DIGEST: APPROPRIATED FUNDS MAY NOT BE USED TO CONSTRUCT A CROSSWALK ACROSS A PUBLIC HIGHWAY SINCE CONSTRUCTING AN IMPROVEMENT ON NON-FEDERAL PROPERTY IS PROHIBITED IN THE ABSENCE OF SPECIFIC AUTHORITY.

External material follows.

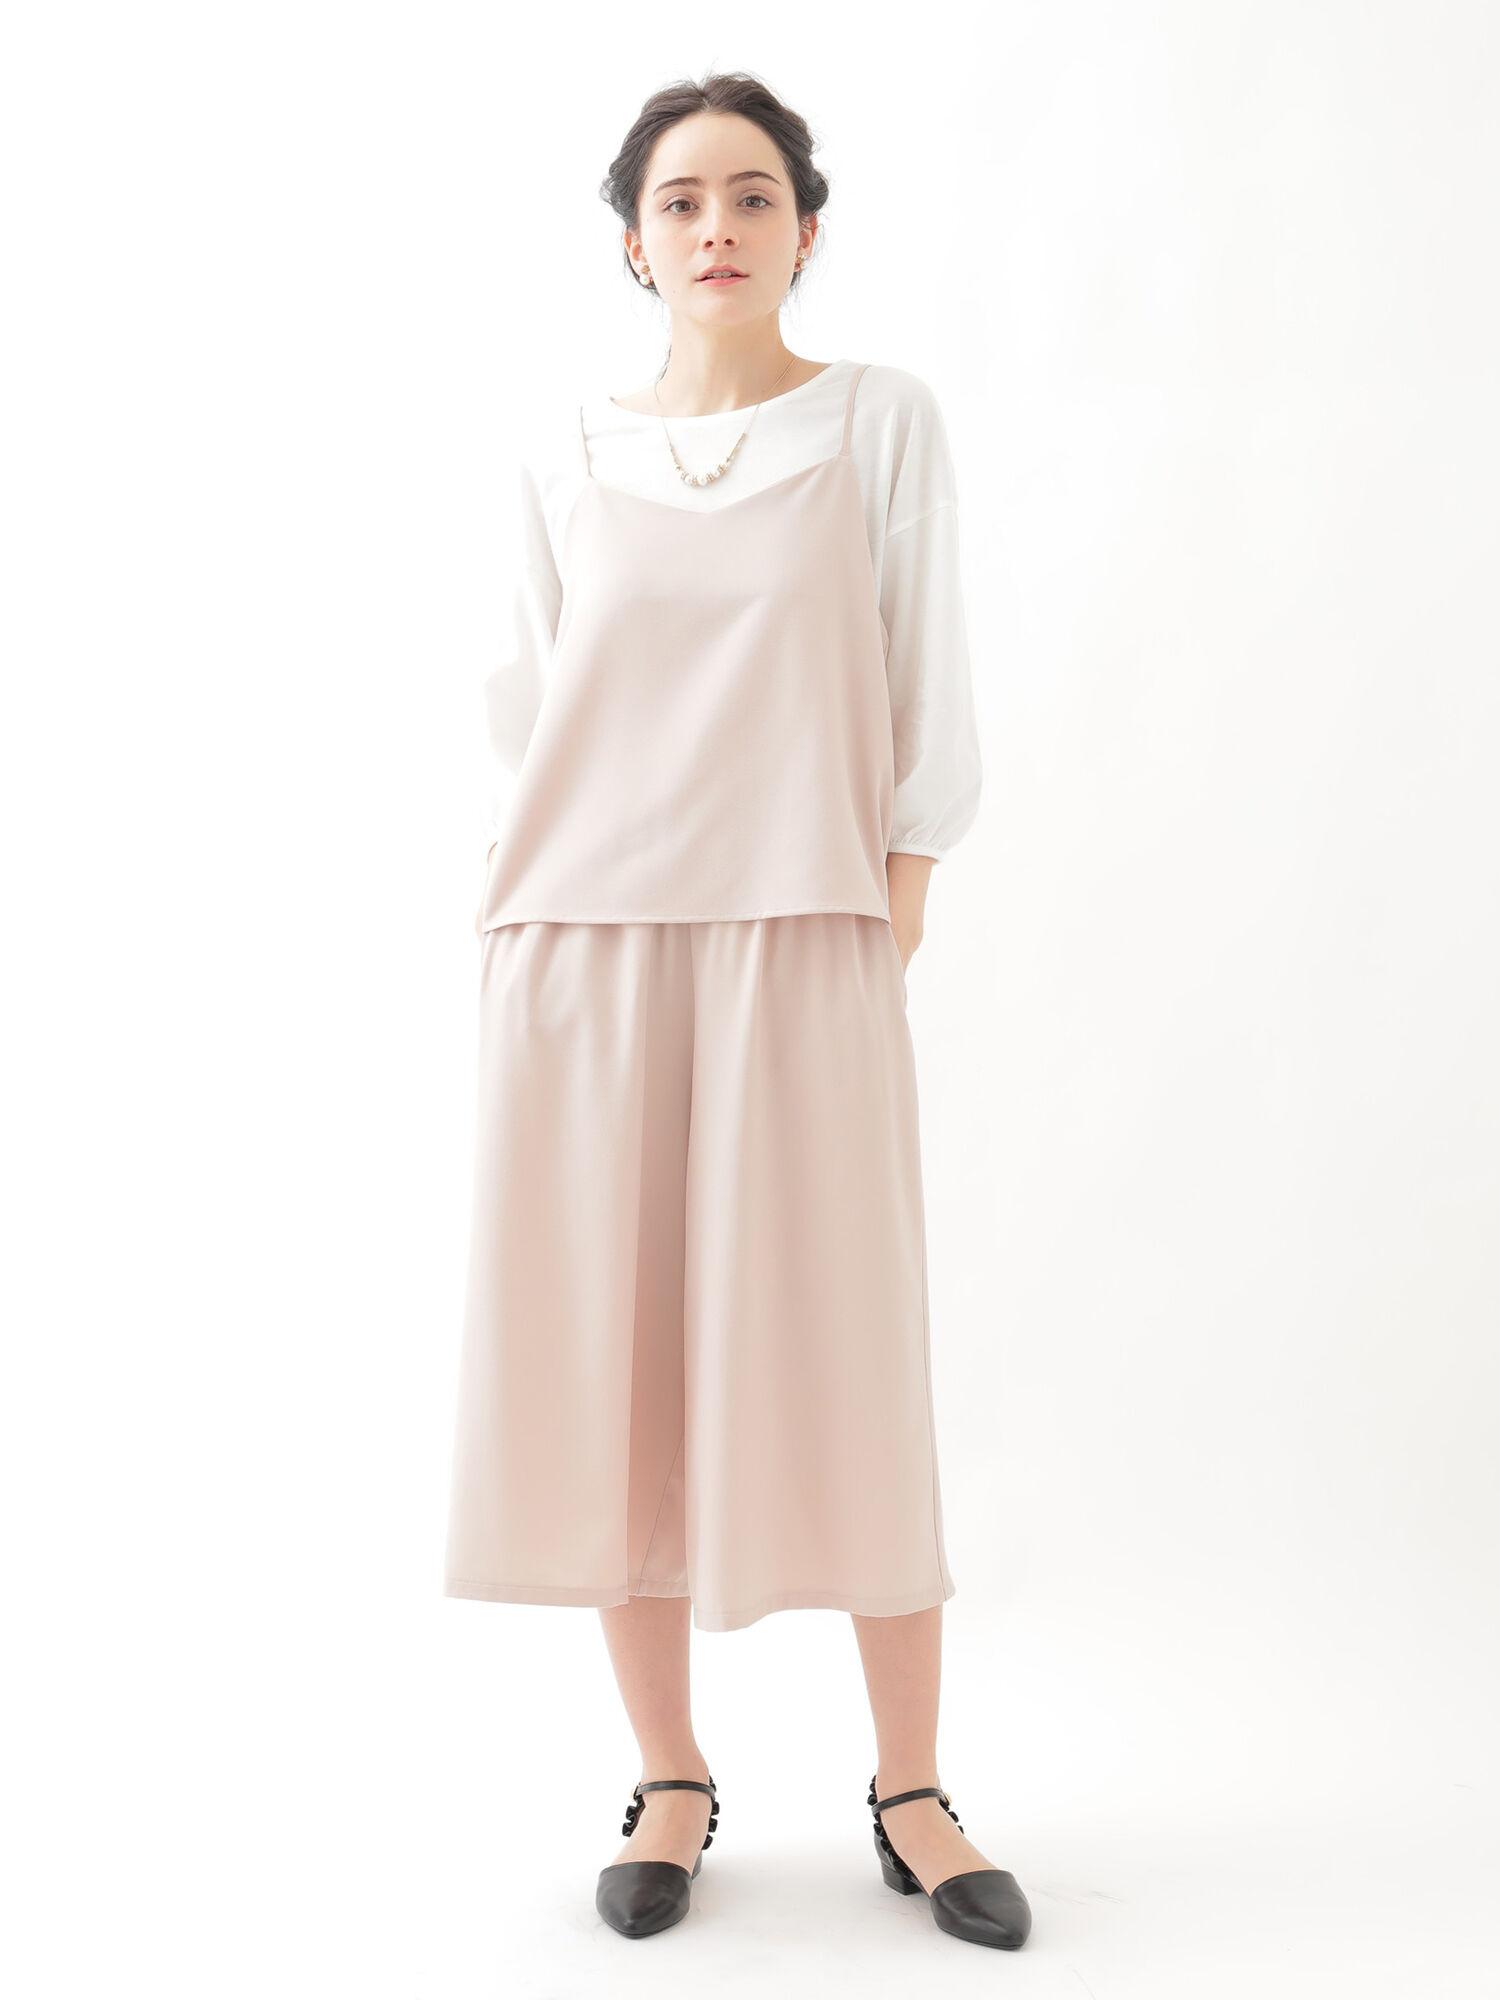 【SETITEM】・キャミソール+スカーチョ+プルオーバーセット
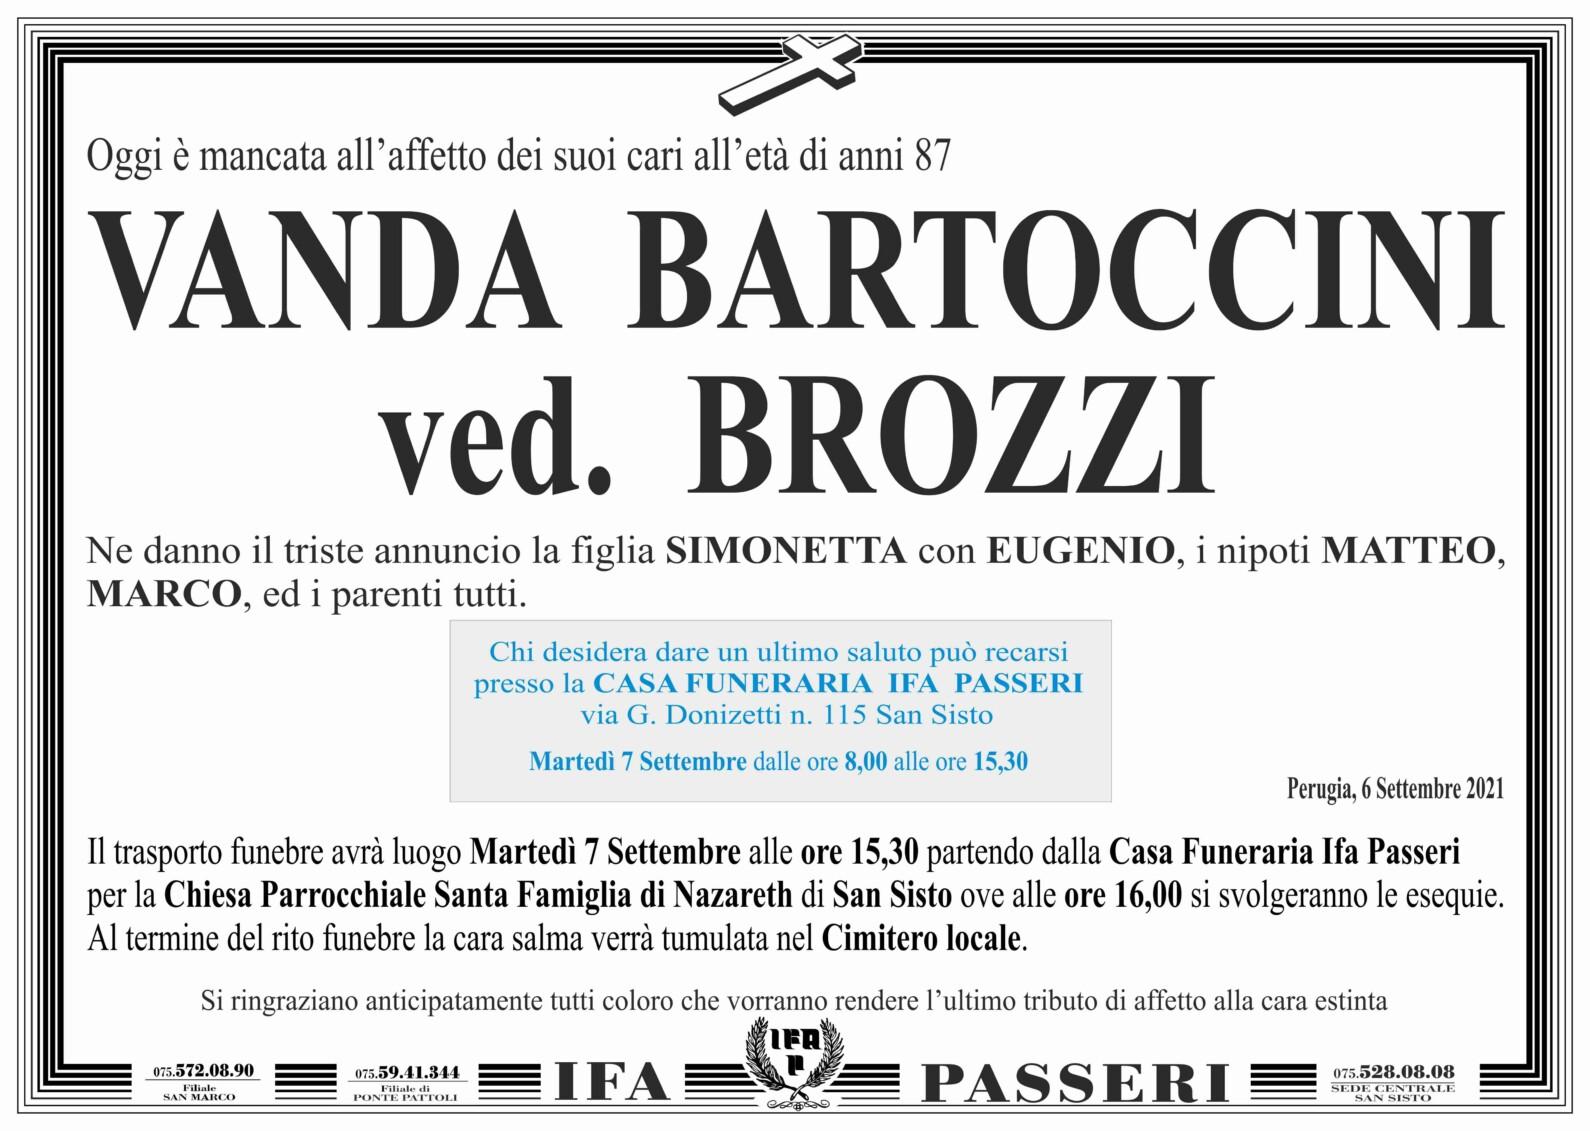 Vanda Bartoccini ved. Brozzi

DEPARTMENT OF THE ARMY-- CONSTRUCTION:

THIS IS IN RESPONSE TO A REQUEST FROM ROBERT A. KASPARI, FINANCE AND ACCOUNTING OFFICER, UNITED STATES ARMY TANK-AUTOMOTIVE COMMAND (TACOM), WARREN, MICHIGAN, FOR AN ADVANCE DECISION ON WHETHER APPROPRIATED FUNDS MAY BE USED TO CONSTRUCT AND MAINTAIN A CROSSWALK ACROSS A PUBLIC HIGHWAY SEPARATING TWO GOVERNMENT FACILITIES. FOR THE REASONS GIVEN BELOW, WE CONCLUDE THAT IN THE ABSENCE OF SPECIFIC AUTHORITY, FUNDS ARE NOT AVAILABLE FOR THE PROPOSED CROSSWALK.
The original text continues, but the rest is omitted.